The scorecard (a new addition not in the original Design Sprint book) maps each customer interview back to the Founding Hypothesis components: Was this the right customer? Did they have the problem? Did they choose the product over the competition? Was differentiation actually compelling? Red/yellow/green per interview per dimension. A sprint producing all-green is a strong signal to start building.
§AI and the generic prototype trap
[§ AI and the generic prototype trap] Key observation with implications for product development in 2024–25: AI-assisted prototyping generates convincing-looking outputs quickly, but because LLMs are trained on existing products, AI-generated prototypes tend to be generic.
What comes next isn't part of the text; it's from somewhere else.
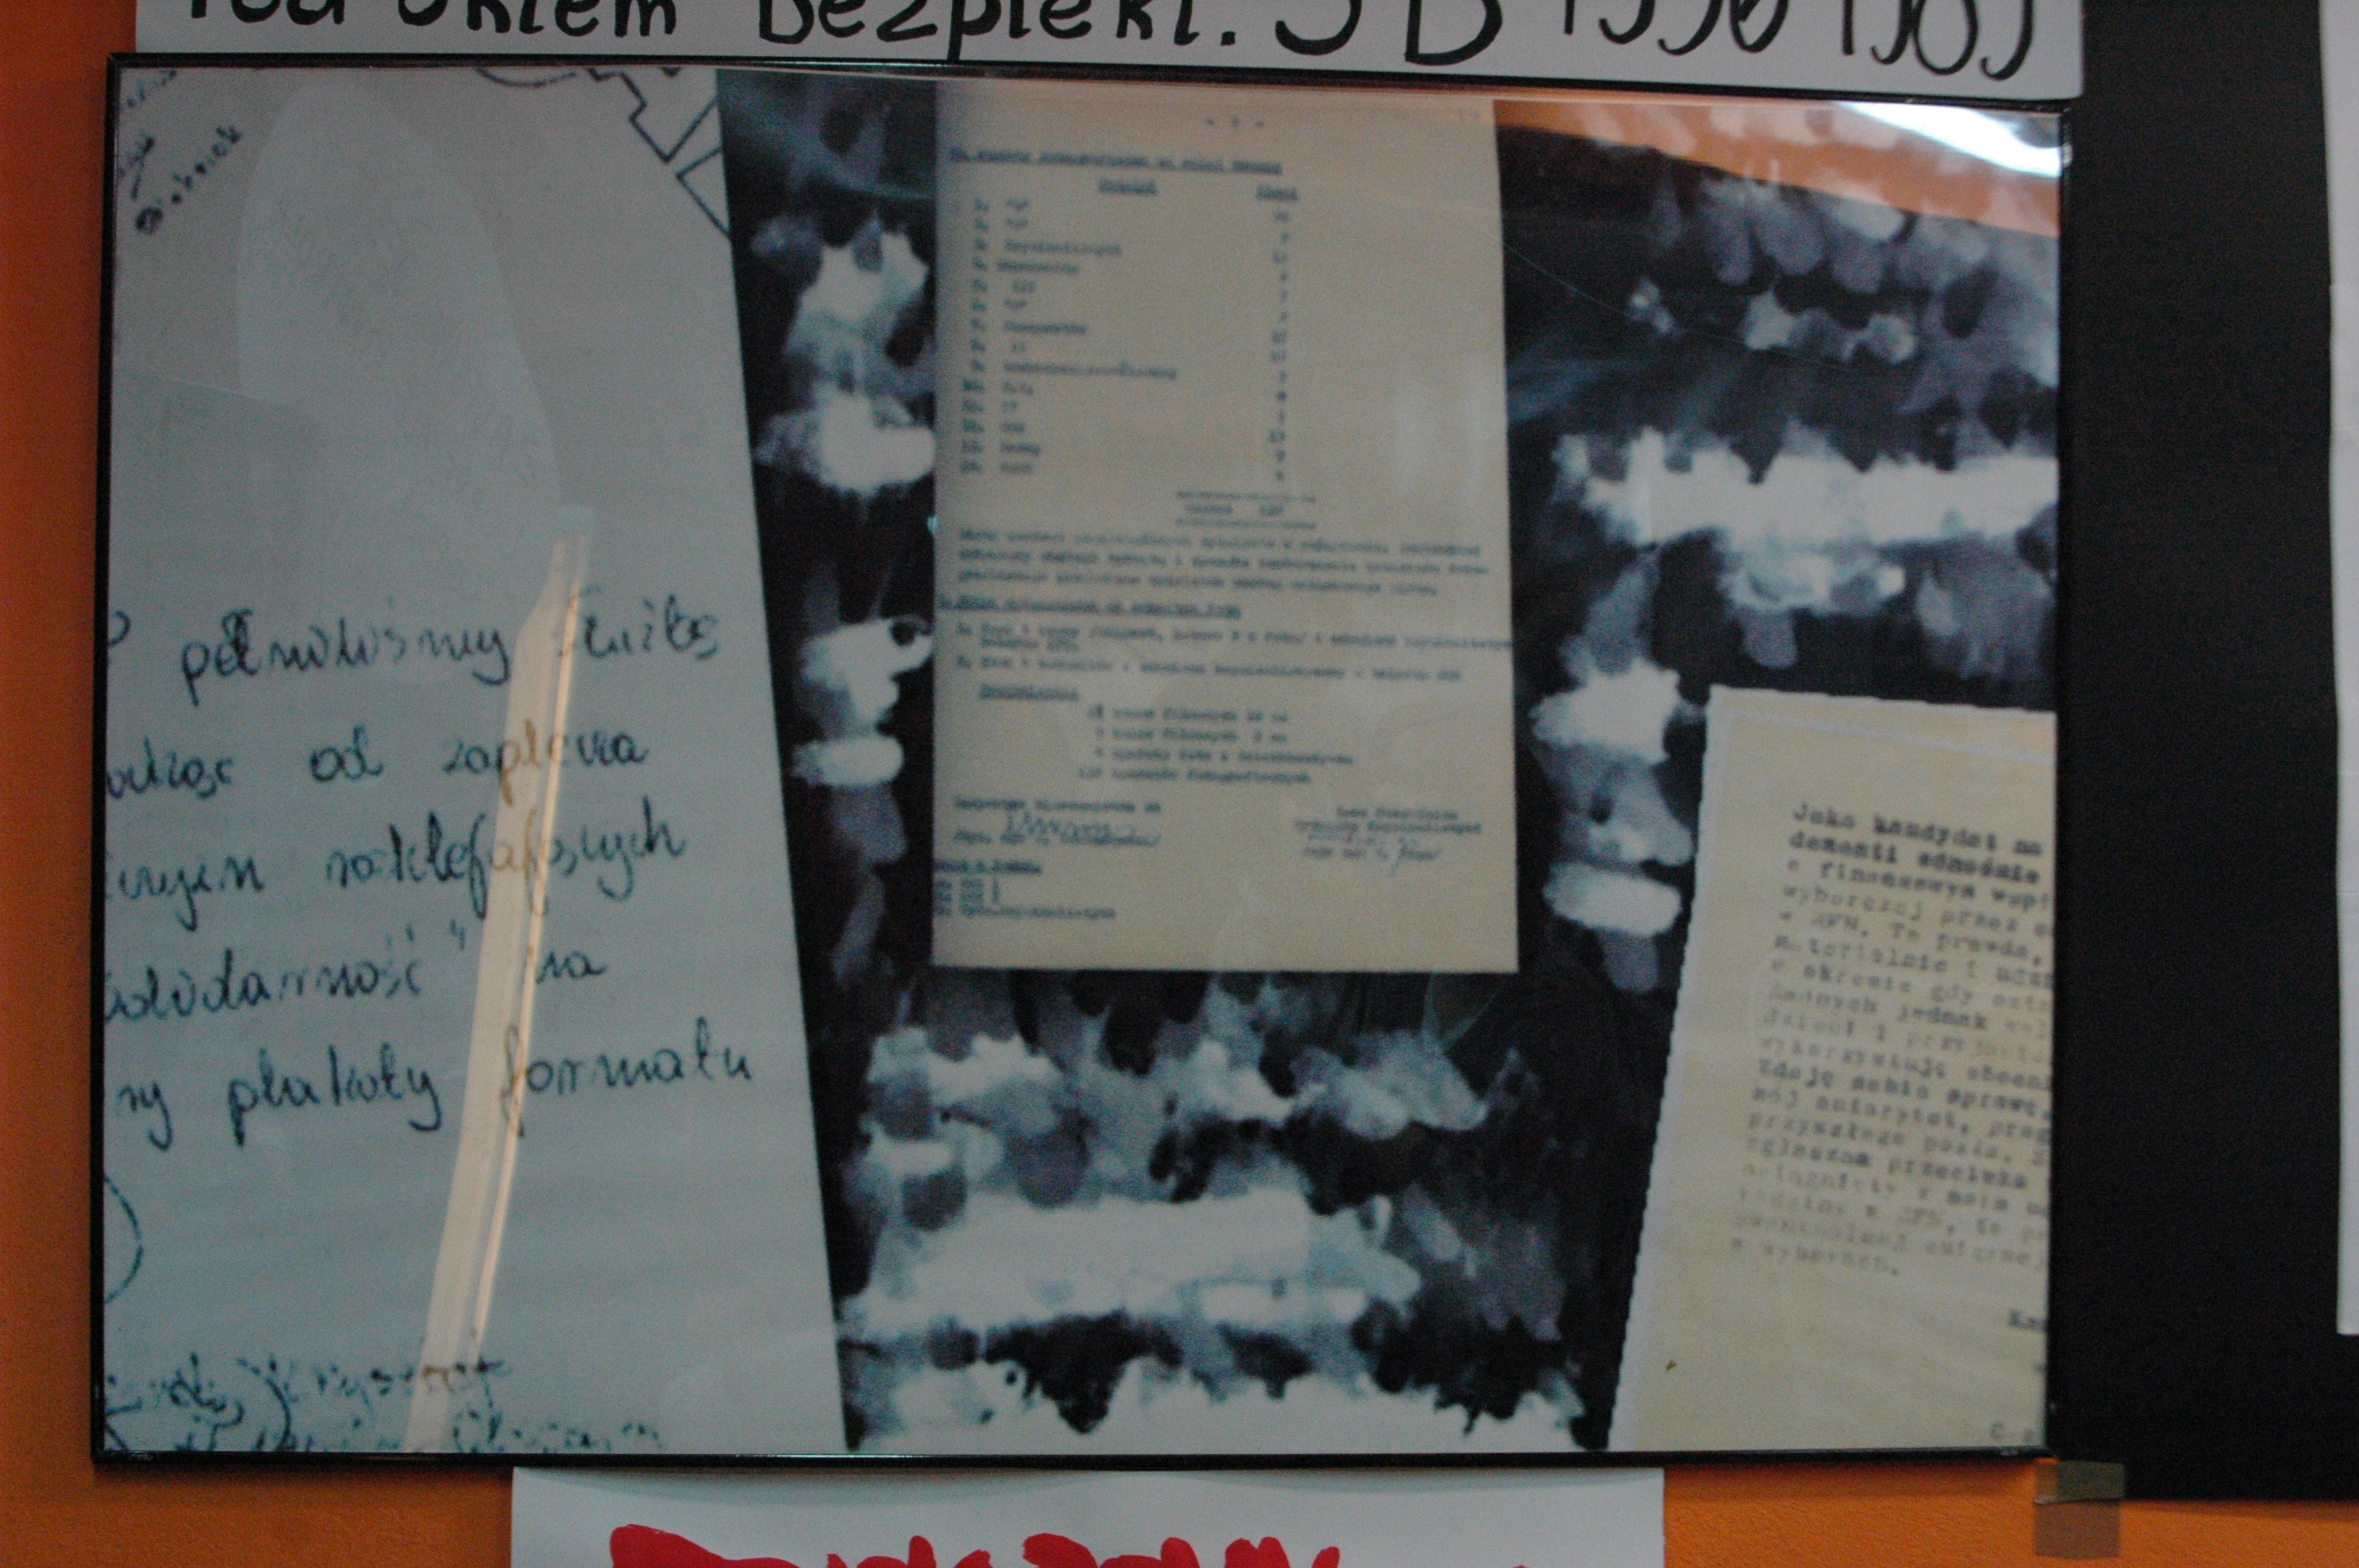 """Sporządzony przez SB w ramach akcji """"Jesień 70"""" dokument z zapotrzebowaniem na sprzęt potrzebny do obserwacji """"nieprawomyślnych"""" zachowań podczas pochodu pierwszomajowego w 1971 roku."""

Teams that skip the Foundation Sprint and go directly to vibe-coding end up testing generic products against customers — and either fail to get useful signal, or ship something undifferentiated.
The recommended sequence: Foundation Sprint (slow thinking about differentiation) → Design Sprint prototyping (fast building, grounded in explicit differentiation). Sketching the prototype on paper before prompting the LLM is a form of prompt engineering that yields an opinionated, differentiated result. Don’t outsource the thinking while outsourcing the building.
§Character Labs
[§ Character Labs] Jake Knapp and John Zeratsky’s VC programme at Character Capital (character.vc). They invest in a cohort of pre-seed, sometimes inception-stage companies simultaneously and run them through one Foundation Sprint + three consecutive weekly Design Sprints (3.5–4 weeks total). Founders report 3–4x acceleration (3–4 months of early-stage work compressed into the programme). The Miro template used in Character Labs is publicly available at character.vc.